The Saudi state visit has been a miserable experience for the British government and it is to the immense credit of the Foreign Secretary, David Miliband, that he put the adoption of his second child before meeting the leader of the most morally repugnant regime on earth. Much has been made – and quite rightly – of the human rights abuses carried out in the name of a cruelly perverted version of Islam. One beneficial outcome of the visit is that it has allowed campaigners to highlight the state-sanctioned torture, beheadings and religious persecution carried out by the Saudi government.

But King Abdullah’s crass intervention has also revealed a great- er truth about the relationship between Britain and Saudi Arabia, often described in a lazy piece of diplomatic shorthand as a “partner in the war on terror”. If these two governments failed to co-operate in the months running up to 7 July 2005, then what exactly is the point of this relationship? The answer, of course, is that Britain’s close ties with Saudi Arabia are predicated not on the battle against al-Qaeda, but on a series of highly lucrative arms deals, the first of which was signed by Margaret Thatcher in 1985. The latest of these, signed in August of last year, sold 72 Eurofighter Typhoons to the Saudis. It is estimated that the deals have brought over £40bn to the UK economy, mainly through the defence contractor BAE Systems and its predecessor British Aerospace.

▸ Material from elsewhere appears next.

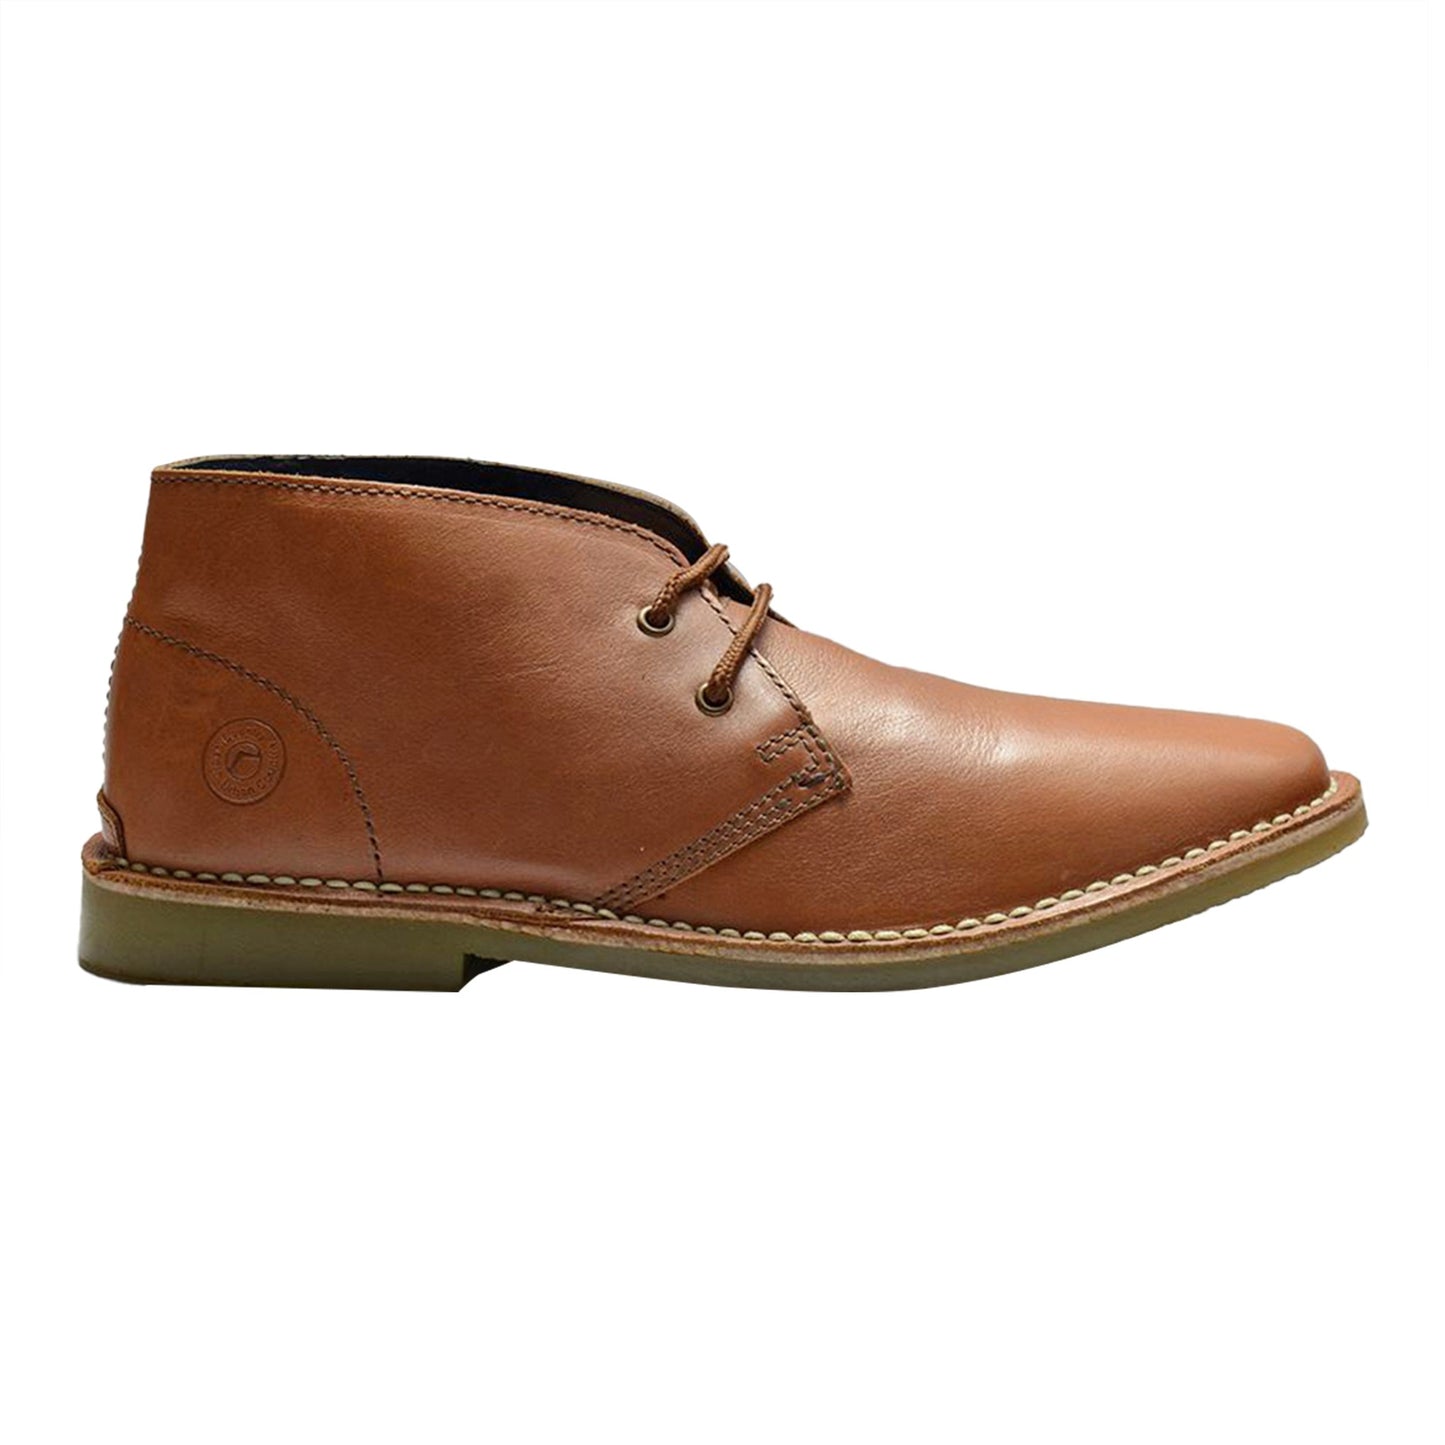 Men Leather Ankle Length Desert Boots ǀ DESERT 4785

This is just the latest example of the British government peddling the mendacious propaganda about “shared interests” with Saudi Arabia in the war against terror, despite scant evidence of a working relationship.

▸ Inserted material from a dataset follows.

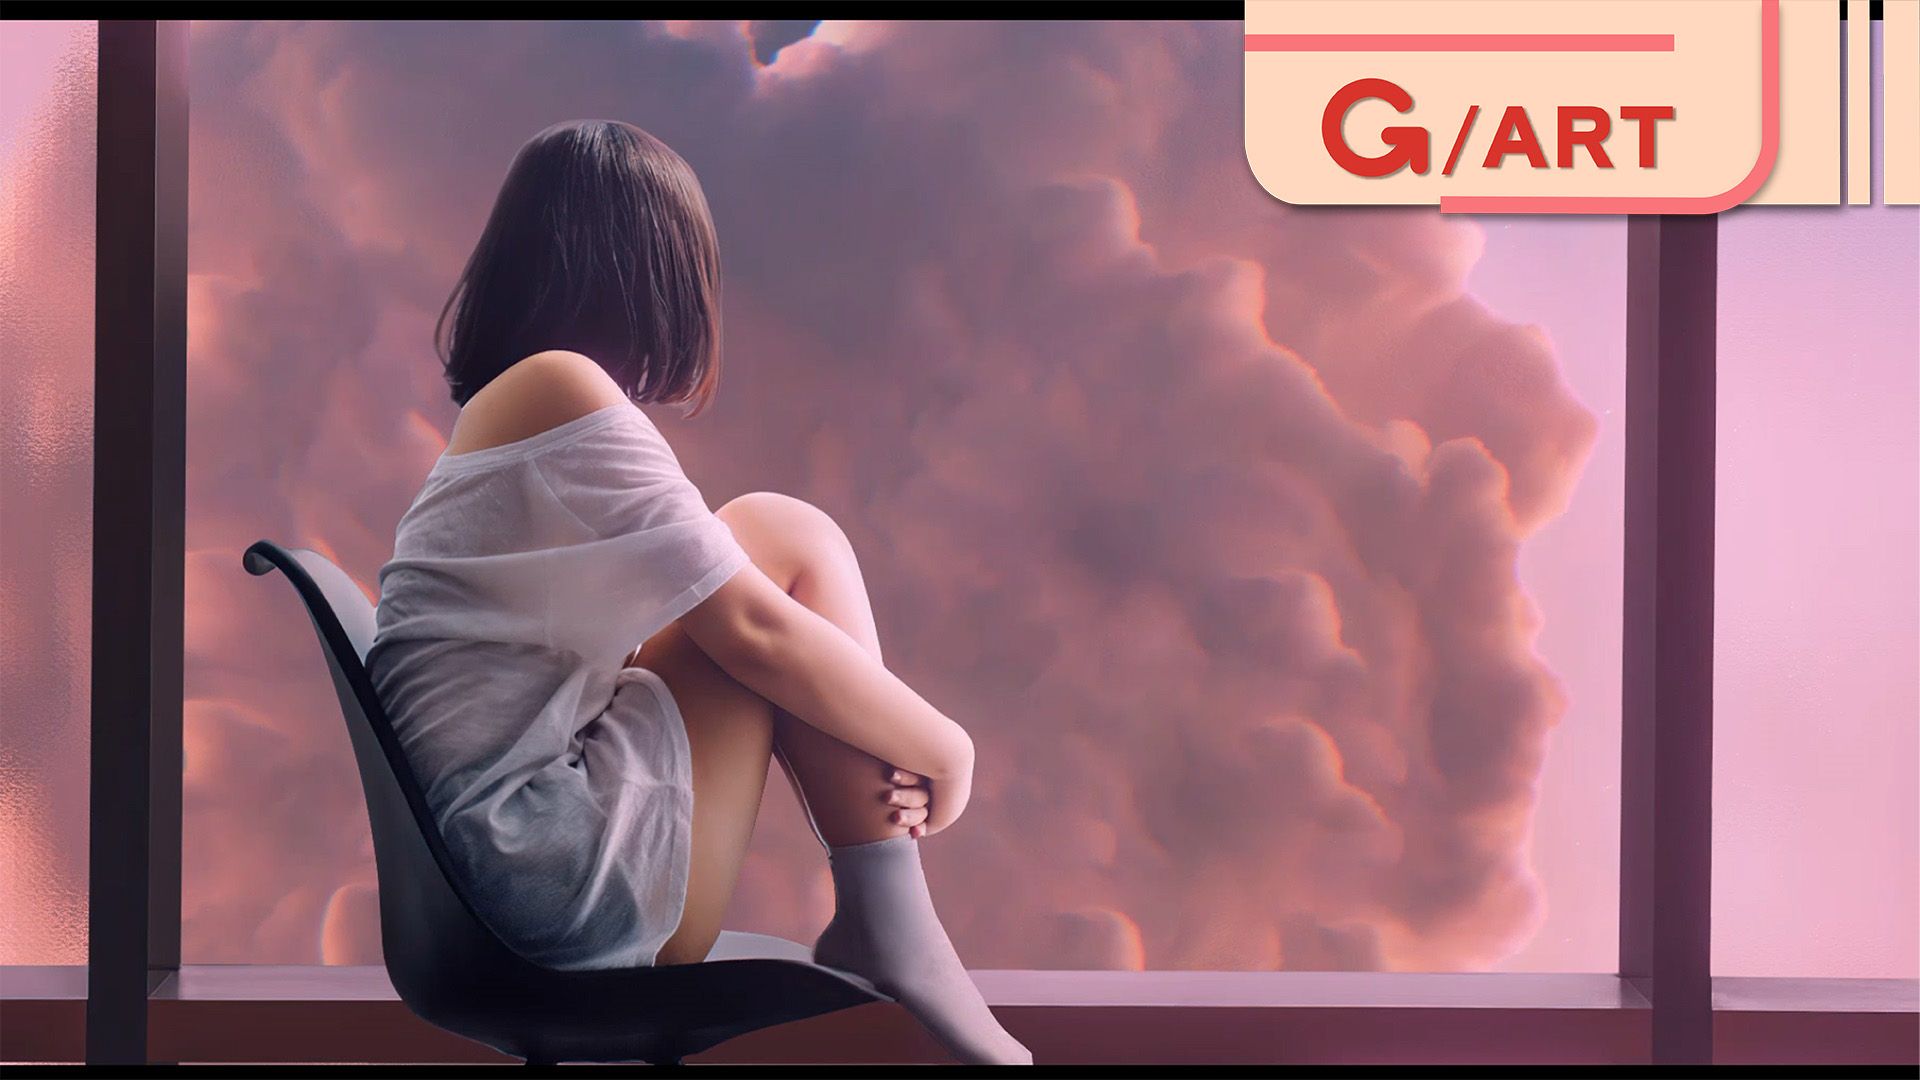 Gearvn - Hình của ad đã làm anh em thất vọng bao giờ chưa 😙? Link dưới cmt  👇 | Facebook

Last December, when the Attorney General, Lord Goldsmith, announced that a Serious Fraud Office investigation into allegations of bribery surrounding the BAE systems arms deals was being dropped, the then prime minister again invoked security issues. “Our relationship with Saudi Arabia is vitally important for our country in terms of counter-terrorism, in terms of the broader Middle East, in terms of helping in respect of Israel and Palestine,” he said. “That strategic interest comes first.”

The level of self-delusion contained in Tony Blair’s statement was staggering. Now King Abdullah himself has blown a hole in the argument that British-Saudi relations are bolstered by the close links of our countries’ security services.

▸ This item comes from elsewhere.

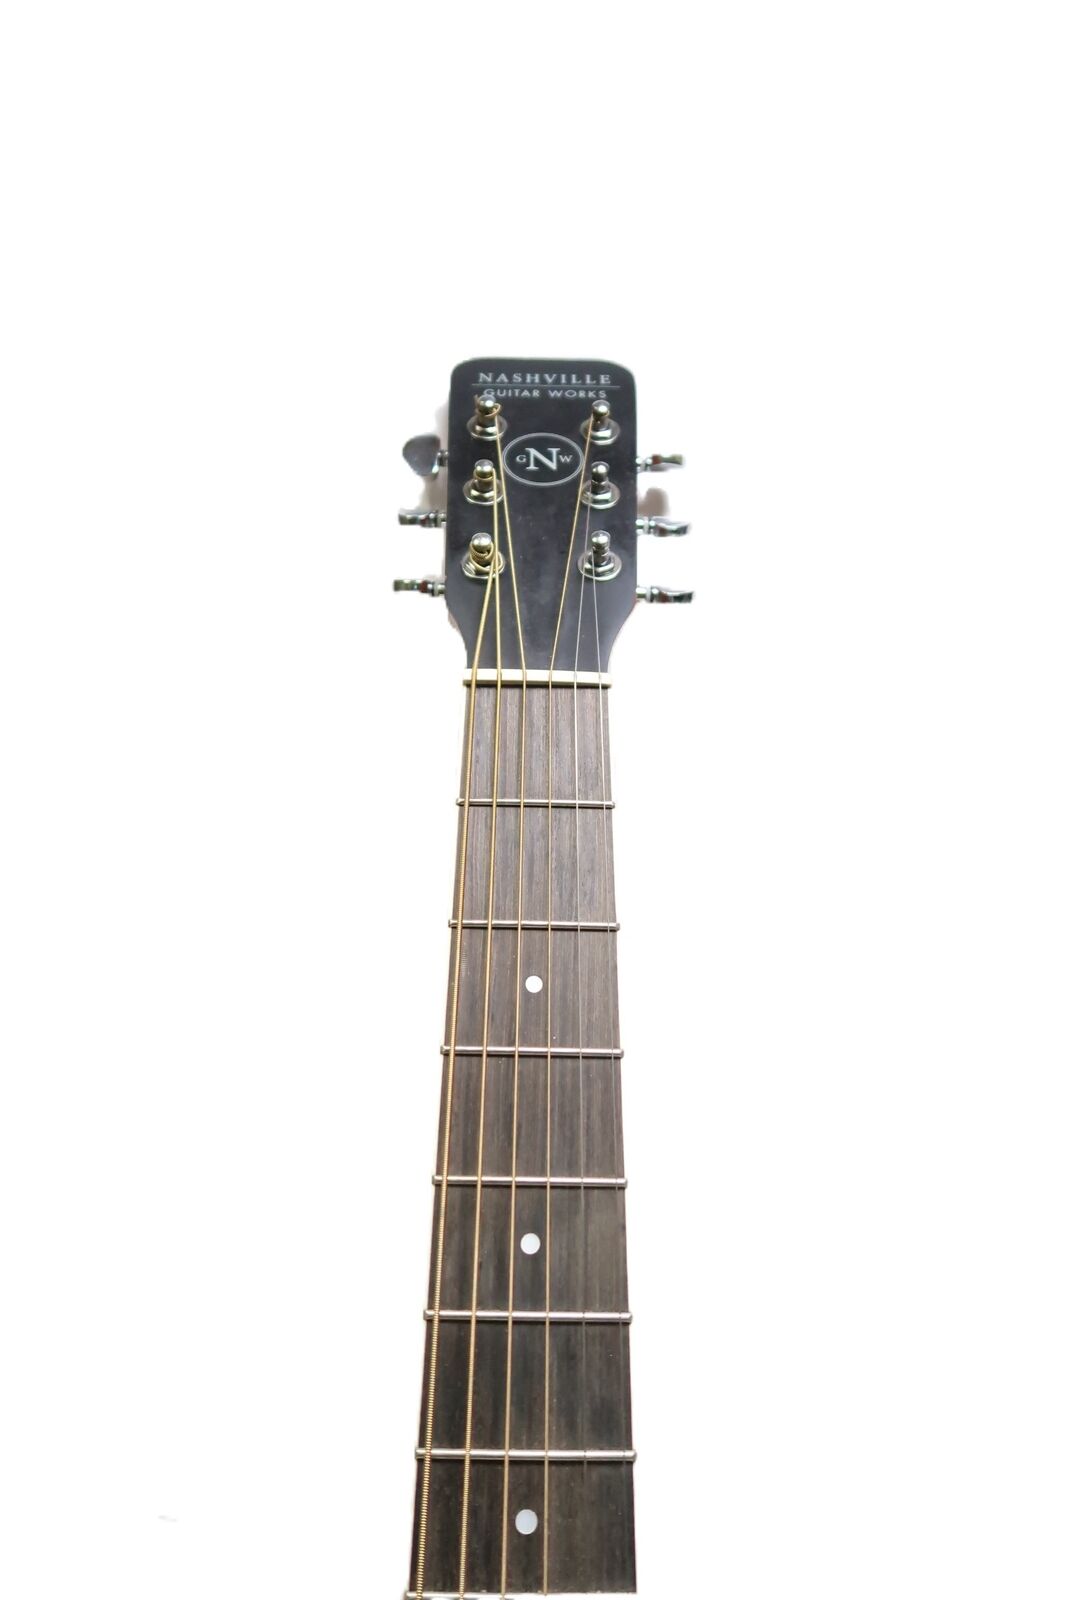 Nashville Guitar Works D10 Acoustic Guitar 9788 3

I do not know the truth of the Saudi claims I first reported over two years ago. There is no way of telling. However, it is interesting that the line taken by Whitehall sources quoted in the press has now shifted. In 2005 I was told the British security apparatus “did not recognise” the intelligence referred to by the Saudis. Yet the response now, to Abdullah’s comments, is that the information was too vague to act on, which is a quite different matter.

Those who know more than I about the true nature of the Saudi regime have pointed to the gross hypocrisy contained in the comments. As the academic Malise Ruthven, author of Islam in the World, wrote in the Independent on 30 October: “King Abdullah’s complaint that British authorities ignored Saudi warnings of an imminent attack on the UK before the atrocities of 7 July 2005 might be more convincing if they came from the ruler of a country less sympathetic to the Islamist agenda.” This is why the new report into Islamist hate literature in Britain’s mosques is so vital. Published by the centre-right think tank Policy Exchange, The Highjacking of British Islam has discovered books advocating the stoning of adulterers, the burning of homosexuals and the beheading of “apostates” who turn away from Islam. Much of the material was traced to agencies of the Saudi government.

This is the reality of Britain’s “shared interests” with Saudi Arabia: we give them weapons to bolster their vicious regime and in return we get the literature of intolerance designed to encourage another generation to wage jihad.